We have been writing blog posts about how to write simple extensions in C language and a little more complex one by Ibrar which were well received by PostgreSQL user community. Then we observed that many PostgreSQL users create simple triggers for small auditing requirements, and then feel the pain of trigger on transactions. We were discussing how simple/lightweight and faster a trigger function is when written in C. Generally, Trigger functions are written in high-level languages like PlpgSQL, but it has a higher overhead during execution and it can impact the transactions — and thereby application performance.

This blog post is an attempt to create a simple trigger function to address one of the common use-cases of triggers, which is to update auditing columns in a table.

In this post, we are going to introduce SPI (Server Programming Interface) functions for novice users. Towards the end of the blog, we share some of the quick benchmark results for understanding the benefits.

Example of Audit Timestamp

Let’s proceed with taking up a case and assume that we have a table to hold transaction details. But auditing requirements say that there should be a timestamp on each tuple when the tuple is inserted and when it was last updated.

CREATE TABLE transdtls(
  transaction_id int,
  cust_id int,
  amount  int,
...
  insert_ts timestamp,
  update_ts timestamp
);

For demonstration purposes, let’s remove and trim the other columns and create a table with only three essential columns.

CREATE TABLE transdtls(
  transaction_id int,
  insert_ts timestamp,
  update_ts timestamp
);

Developing Trigger Function

The trigger function can also be developed and packaged as an extension, which we discussed in s previous blog post here. So we are not going to repeat those steps here. The difference is that file names are named astrgr instead of addme in the previous blog. Makefile is also modified to refer trgr files. This need not be the same as the function name trig_test in the C source detailed below.

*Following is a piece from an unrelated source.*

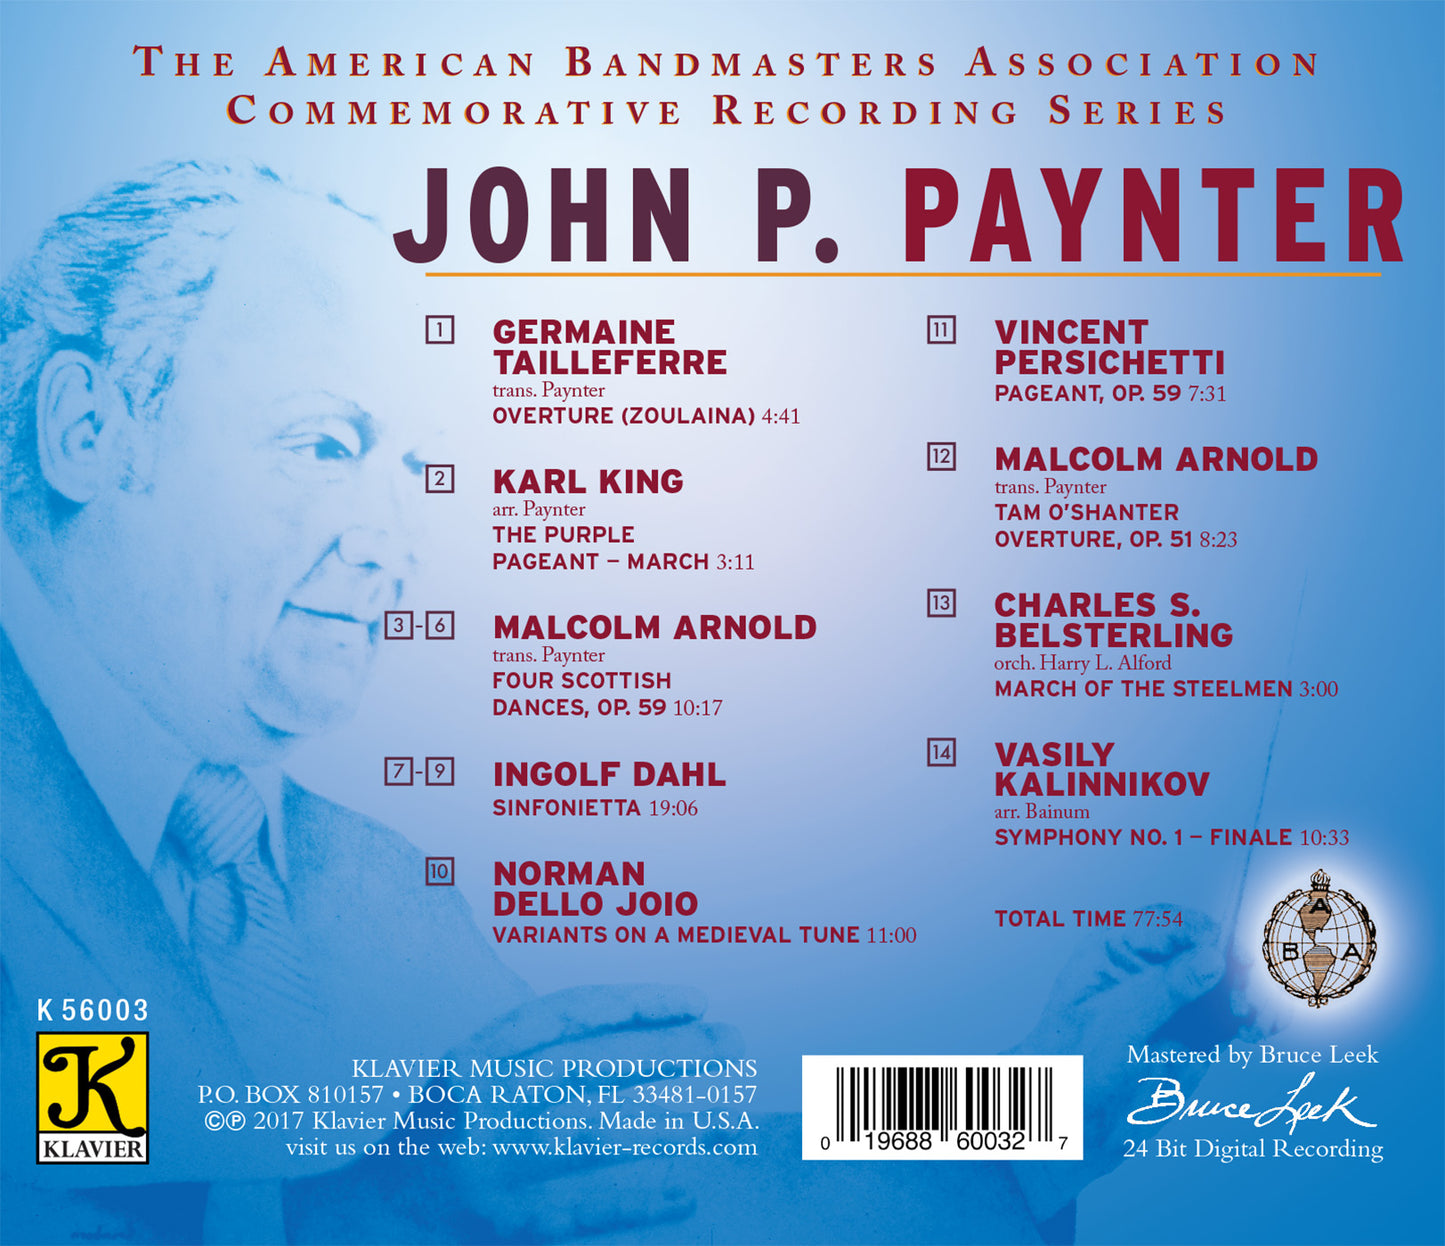 John P. Paynter: American Bandmasters Association Recording Series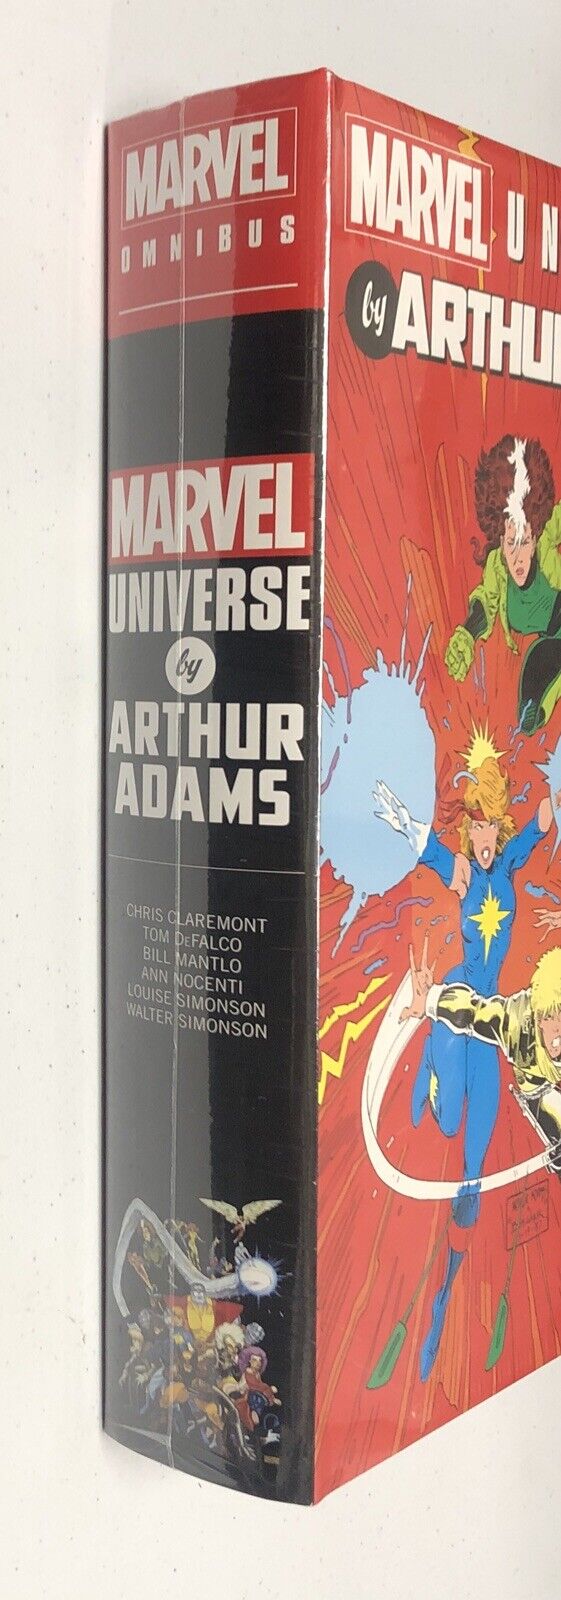 Marvel Universe By Arthur Adams (2023) Omnibus Chris Claremont•Tom DeFalco

In the end, the following files are available in the development folder:

$ ls
Makefile trgr--0.0.1.sql trgr.c trgr.control

The trgr.c is the main source files with the following content:

#include <stdio.h>
#include <time.h>
#include "postgres.h"
#include "utils/rel.h"
#include "executor/spi.h"
#include "commands/trigger.h"
#include "utils/fmgrprotos.h"
#ifdef PG_MODULE_MAGIC
PG_MODULE_MAGIC;
#endif

extern Datum trig_test(PG_FUNCTION_ARGS);

PG_FUNCTION_INFO_V1(trig_test);

Datum
trig_test(PG_FUNCTION_ARGS)
{
    TriggerData *trigdata = (TriggerData *) fcinfo->context;
    //TupleDesc   tupdesc;
    HeapTuple   tuple;
    HeapTuple   rettuple;
    int         attnum = 0;
    Datum       datumVal;

    //Get the structure of the tuple in the table.
    //tupdesc = trigdata->tg_relation->rd_att;

    //Make sure that the function is called from a trigger
    if (!CALLED_AS_TRIGGER(fcinfo))
        elog(ERROR, "are you sure you are calling from trigger manager?");

    //If the trigger is part of an UPDATE event
    if (TRIGGER_FIRED_BY_UPDATE(trigdata->tg_event))
    {
        //attnum = SPI_fnumber(tupdesc,"update_ts");
        attnum = 3;
        tuple = trigdata->tg_newtuple;
    }
    else   //If the trigger is part of INSERT event
    {
        //attnum = SPI_fnumber(tupdesc,"insert_ts");
        attnum = 2;
        tuple = trigdata->tg_trigtuple;
    }
    //Get the current timestamp using "now"
    datumVal = DirectFunctionCall3(timestamp_in, CStringGetDatum("now"), ObjectIdGetDatum(InvalidOid), Int32GetDatum(-1));

    //Connect to Server and modify the tuple
    SPI_connect();
    rettuple = SPI_modifytuple(trigdata->tg_relation, tuple, 1, &attnum, &datumVal, NULL);
    if (rettuple == NULL)
    {
        if (SPI_result == SPI_ERROR_ARGUMENT || SPI_result == SPI_ERROR_NOATTRIBUTE)
                elog(ERROR, "SPI_result failed! SPI_ERROR_ARGUMENT or SPI_ERROR_NOATTRIBUTE");
         elog(ERROR, "SPI_modifytuple failed!");
    }
    SPI_finish();                           /* don't forget say Bye to SPI mgr */
    return PointerGetDatum(rettuple);
}

and trgr--0.0.1.sql with the following content:

CREATE OR REPLACE FUNCTION trig_test() RETURNS trigger
     AS 'MODULE_PATHNAME','trig_test'
LANGUAGE C STRICT;

Now it is a matter of building, installing, and creating the extension.

$ make
$ sudo make install
psql> create extension trg

In case you don’t want to develop it as an extension, you may compile it to generate a shared object file (.so) file. Copy the same to the library folder of PostgreSQL binaries, which on my Ubuntu laptop is:  /usr/lib/postgresql/11/lib/, and then define the function. You can even specify the full path of the shared object file like this:

CREATE FUNCTION trig_test() RETURNS trigger     
  AS '/usr/lib/postgresql/11/lib/trgr.so'
LANGUAGE C;

Using Trigger Function

Usage of trigger function is not different from regular PLpgSQL functions. You just need to attach the function to the table for all INSERT and UPDATE events.

CREATE TRIGGER transtrgr
 BEFORE INSERT OR UPDATE ON public.transdtls 
FOR EACH ROW EXECUTE PROCEDURE public.trig_test();

Benchmarking

For a fair comparison with trigger function written in PLpgSQL, a similar function is created as follows:

CREATE OR REPLACE FUNCTION transtrgr_pl()
  RETURNS TRIGGER AS $$
  BEGIN
     if  (TG_OP = 'UPDATE') then
        NEW.update_ts = now();
     else 
        NEW.insert_ts = now();
     end if;
    RETURN NEW;
  END;
  $$ language 'plpgsql';

The number of lines and the readability of the code is in favor of PLpgSQL. The development and debugging time required is much less.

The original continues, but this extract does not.